Ok, I don’t know the cardinality of the space we are talking about, but since I have trouble imagining a language permitting an uncountable number of sentences, lets assume that the space is countable. What are the consequences of that?
If the space is countable, then as long as you can order the propositions in some way, say by complexity, you can assign non-zero probability to every proposition so the total adds up to 1, so you don’t have the same excuse you have in the case of predicting which point in a continuous space is special for using infinitesimal probabilities.
Ok, that makes sense. As I told JoshuaZ, I need to retire and lick my wounds at the very least. I seem to recall that in Nelson’s version of non-standard analysis, there could be infinitesimals even in systems of countable cardinality, but I need to check that and decide whether it matters in this case.
Sorry, what do you mean by this? We’re talking about the cardinality of the set the measure is on; this sounds like you’re talking about the cardinality of its target space? (Where values of measures are somehow generalized appropriately… let’s not worry about how.) It’s easy to put an order on, say, Q[t] so as to make t infinitesimal but I don’t see what that has to do with this. Or is that not what you meant?
So am I. But I may be confused about what cardinality even means in Nelson’s internal set theory.
Let me give a simple example of the kind of thing I am thinking about. Consider the space of ordered pairs (a,n) where a is either 0 or 1 and n is a non-negative integer, i.e. an element of {1,2,...}. To each such pair with a=0, associate the measure M(0,n)= 1/2^n. To each such pair with a=1 associate the “infinitesimal measure” M(1,n)=M(0,n)/omega where omega is taken to be indefinitely large.
So, the total measure of this space is 1 unit, and all but an infinitesimal portion of that total measure is associated with the portion of the space with a=0.
I claim that in some sense P(a=1) = 0 but P(n=2 | a=1) = 1⁄4.
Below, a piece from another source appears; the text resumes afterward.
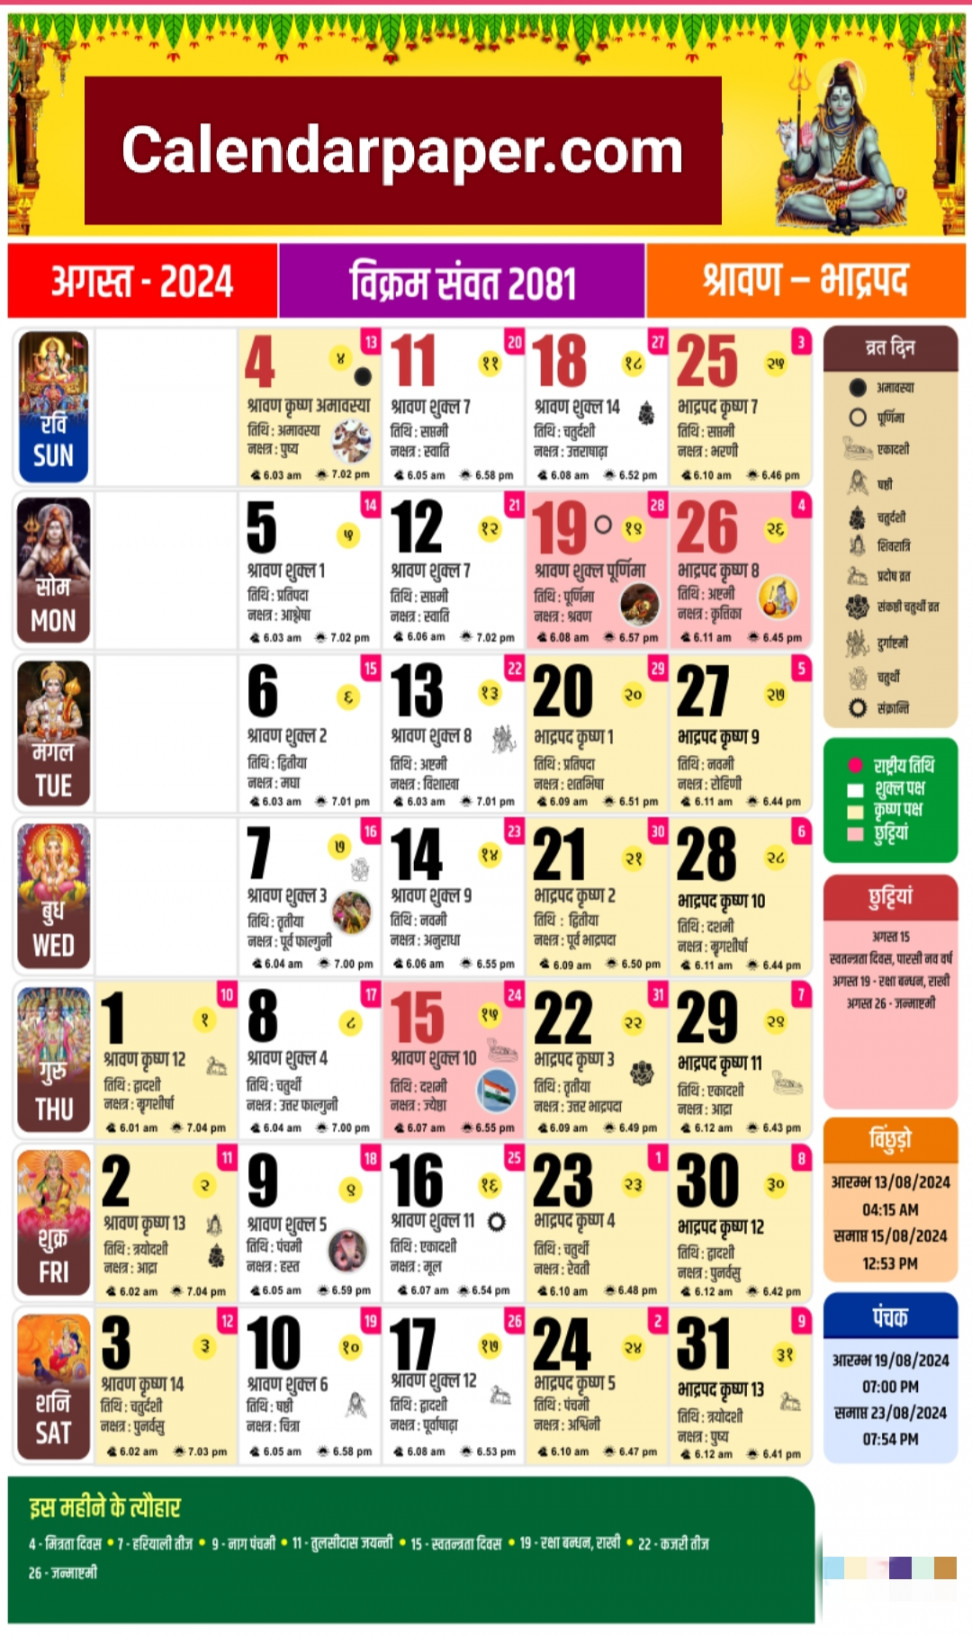 August  Hindu calendar (Vikram Samanta) list of all festivals

The analogy here is that the assertion a=1 corresponds to the assertion that God exists. The probability is infinitesimal, yet Bayesian updating is possible (in some sense). And yet the space of all events is countable.
Ah, so by “there could be infinitesimals” you meant “there could be things of infinitesimal measure”.
Yes. Definitely. Sorry that was unclear. And infinitesimal measures result in probabilities which are zero in some sense, but not exactly zero in a different sense.